## Work to be completed
Scan the records below. List lines holding "Hock".
─── Data under study ───
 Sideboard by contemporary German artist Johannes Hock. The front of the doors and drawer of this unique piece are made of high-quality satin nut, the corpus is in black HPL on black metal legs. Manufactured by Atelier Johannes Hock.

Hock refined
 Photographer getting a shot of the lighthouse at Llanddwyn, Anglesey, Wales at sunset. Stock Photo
───
─── Data under study ───
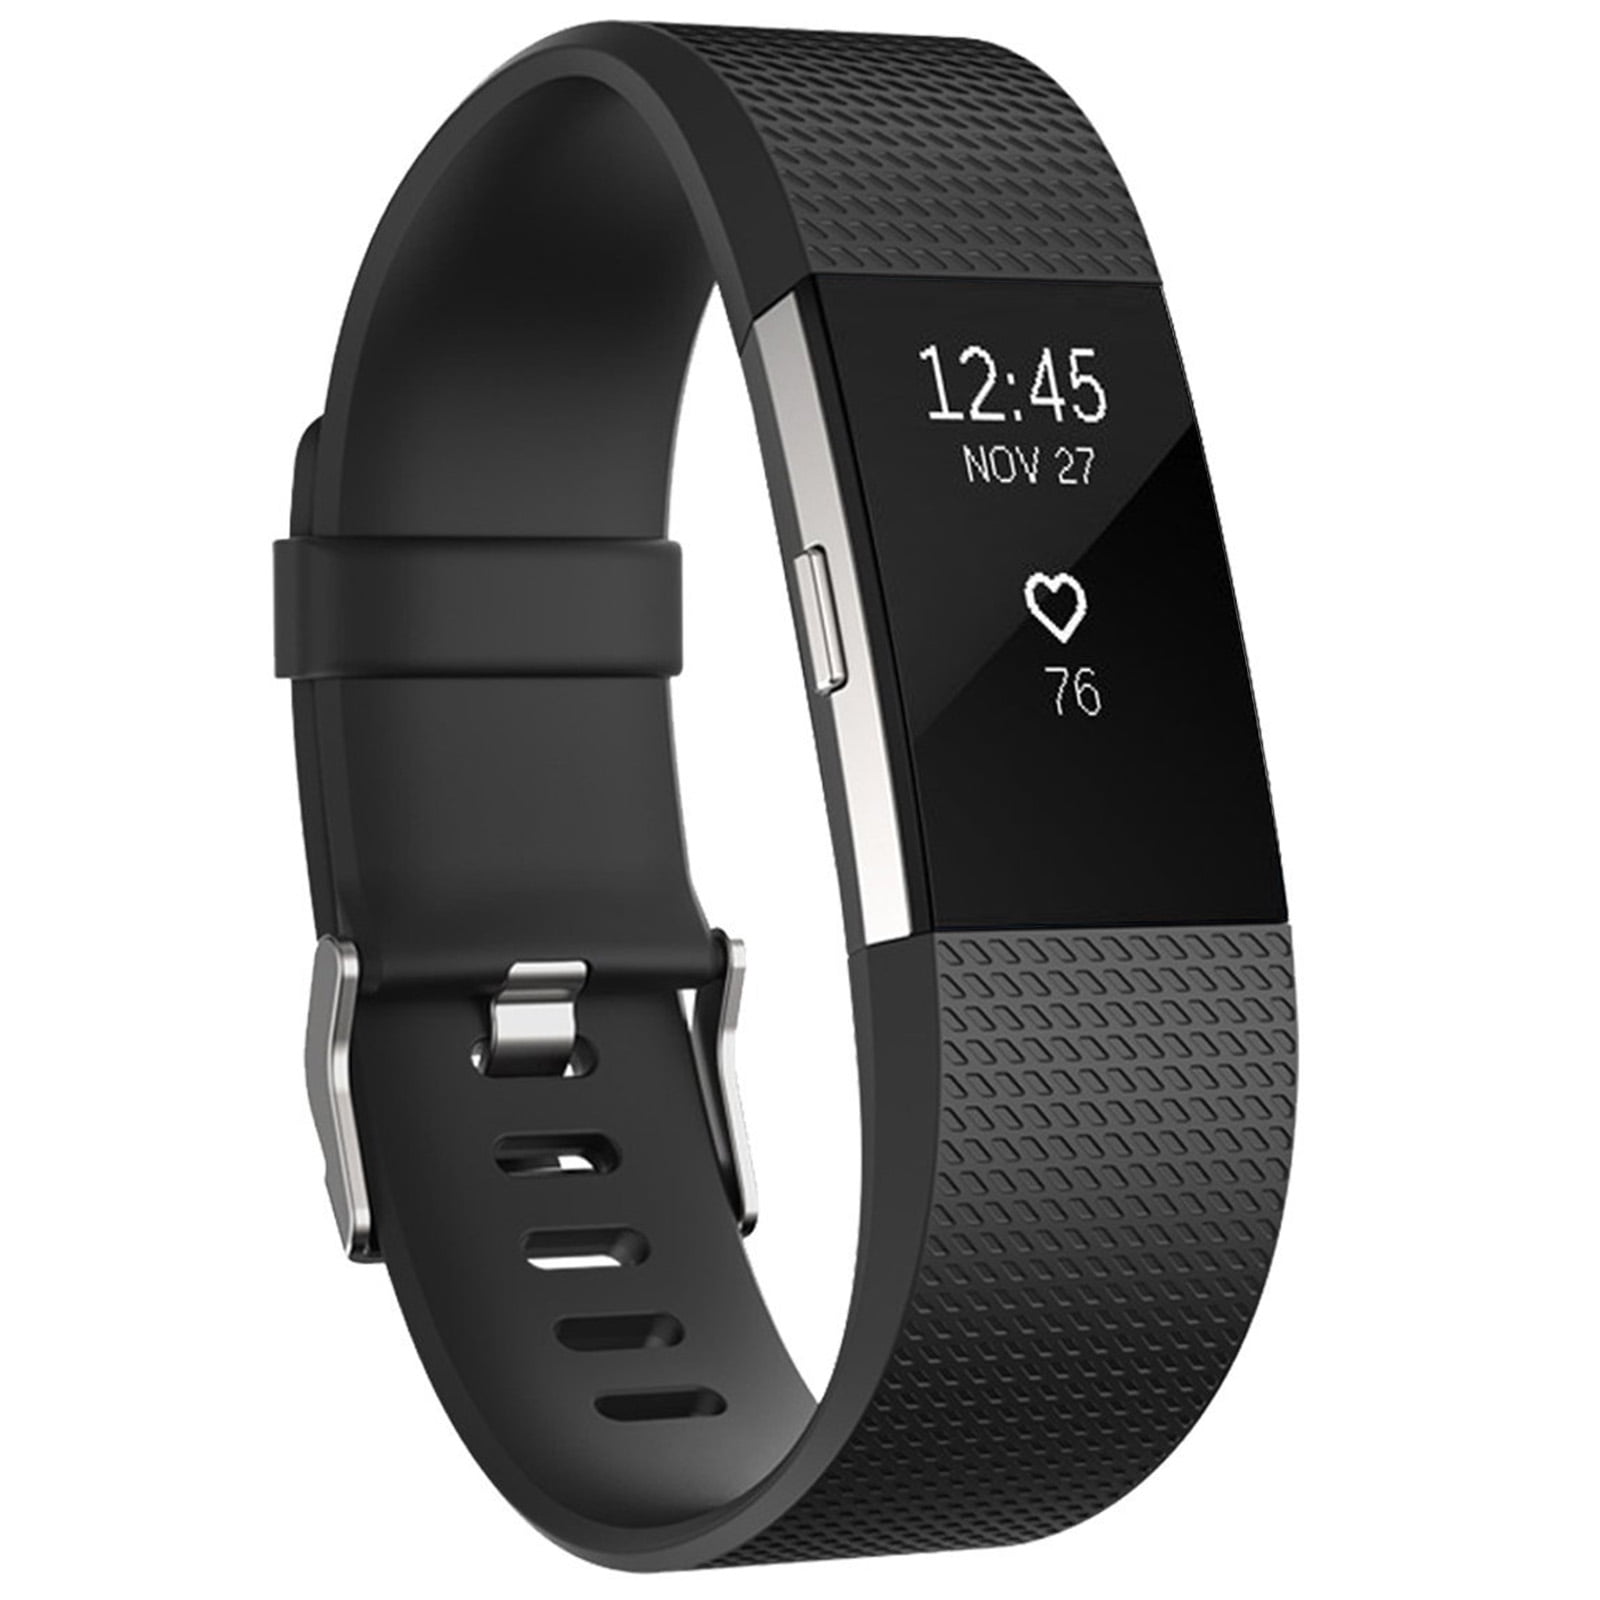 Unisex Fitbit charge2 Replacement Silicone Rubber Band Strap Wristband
───
─── Data under study ───
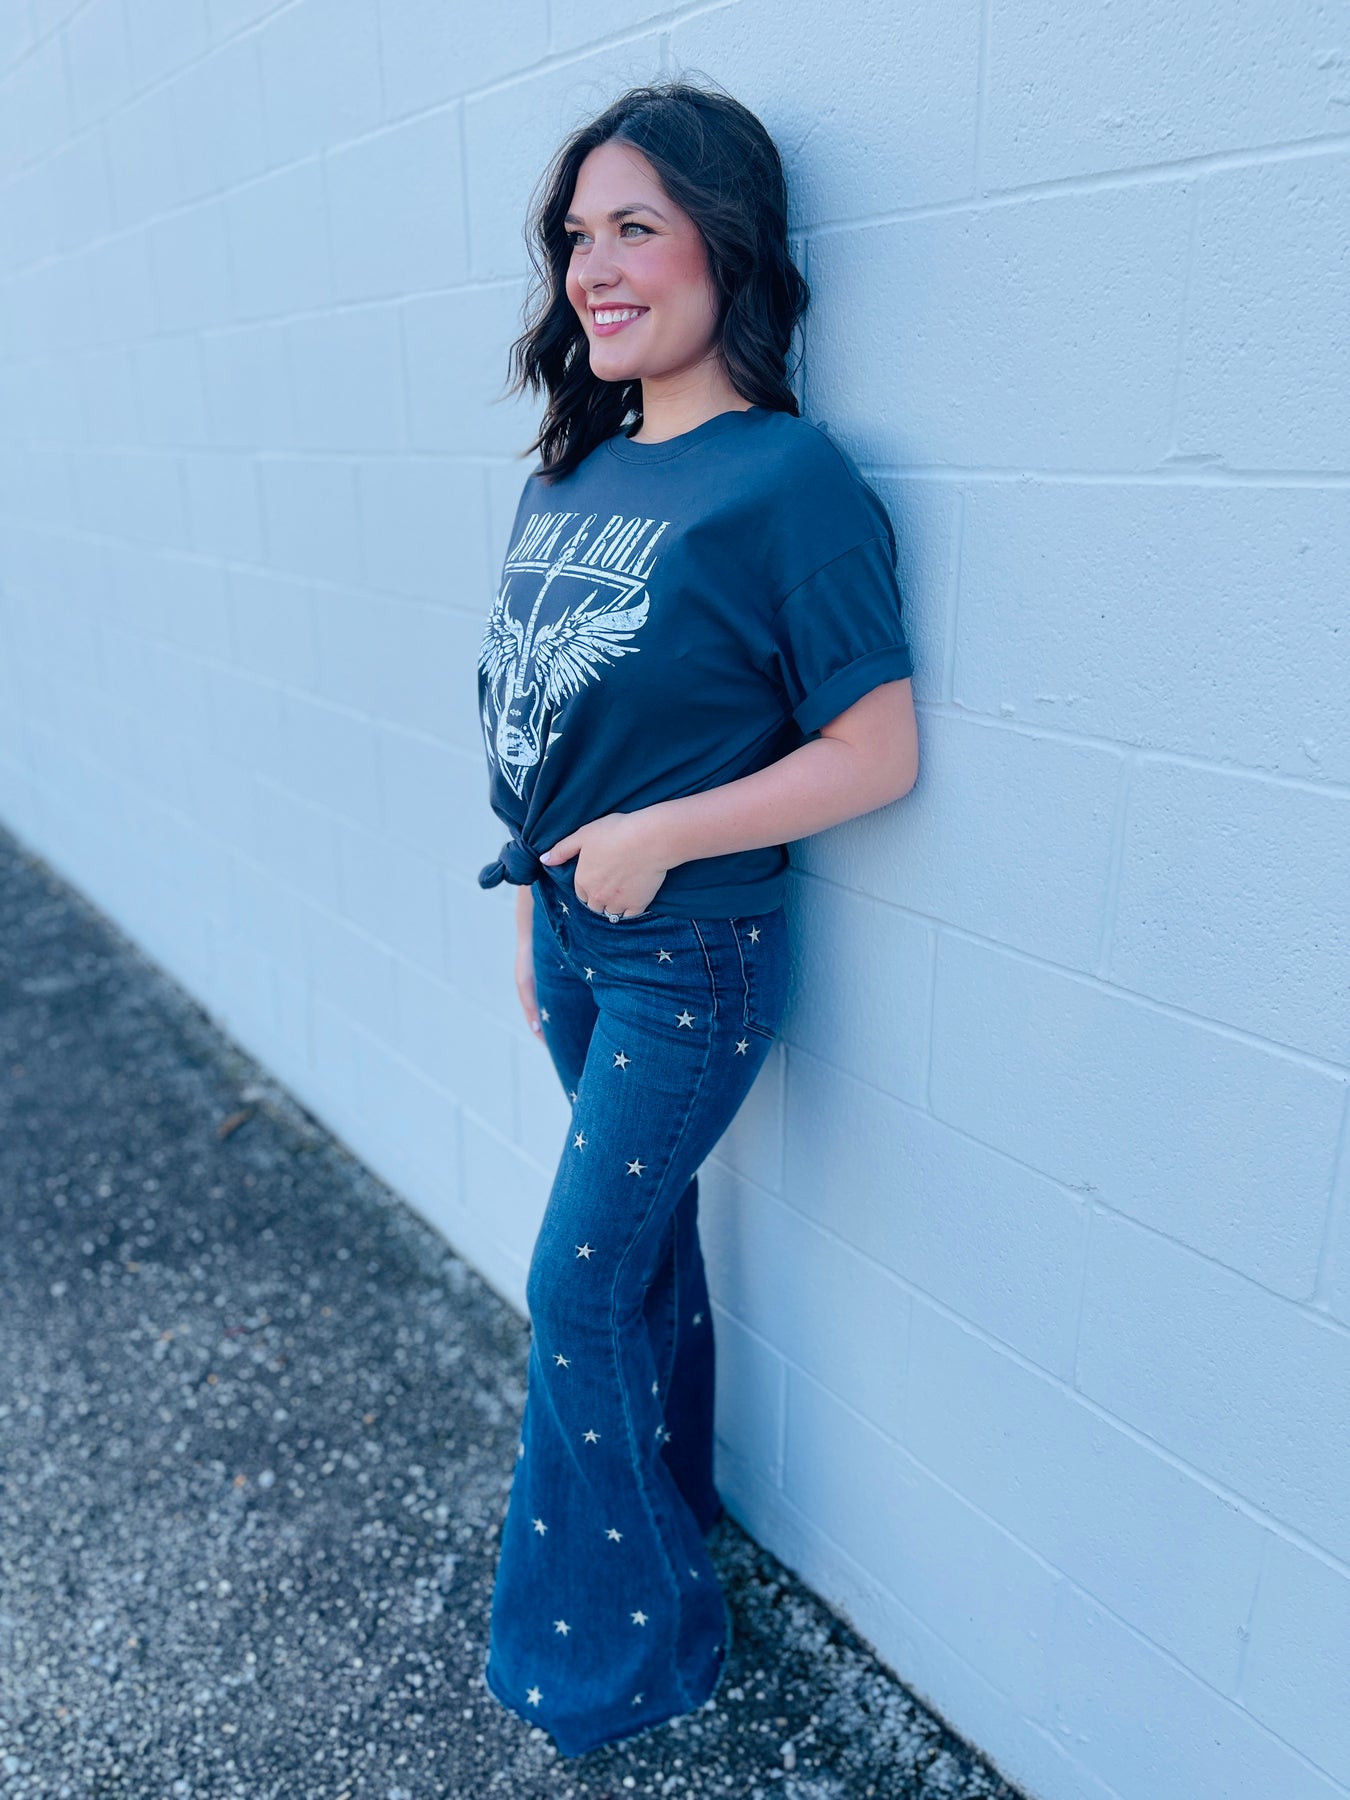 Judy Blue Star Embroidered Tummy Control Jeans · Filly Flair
───
## Answer section
 Sideboard by contemporary German artist Johannes Hock. The front of the doors and drawer of this unique piece are made of high-quality satin nut, the corpus is in black HPL on black metal legs. Manufactured by Atelier Johannes Hock.
Hock refined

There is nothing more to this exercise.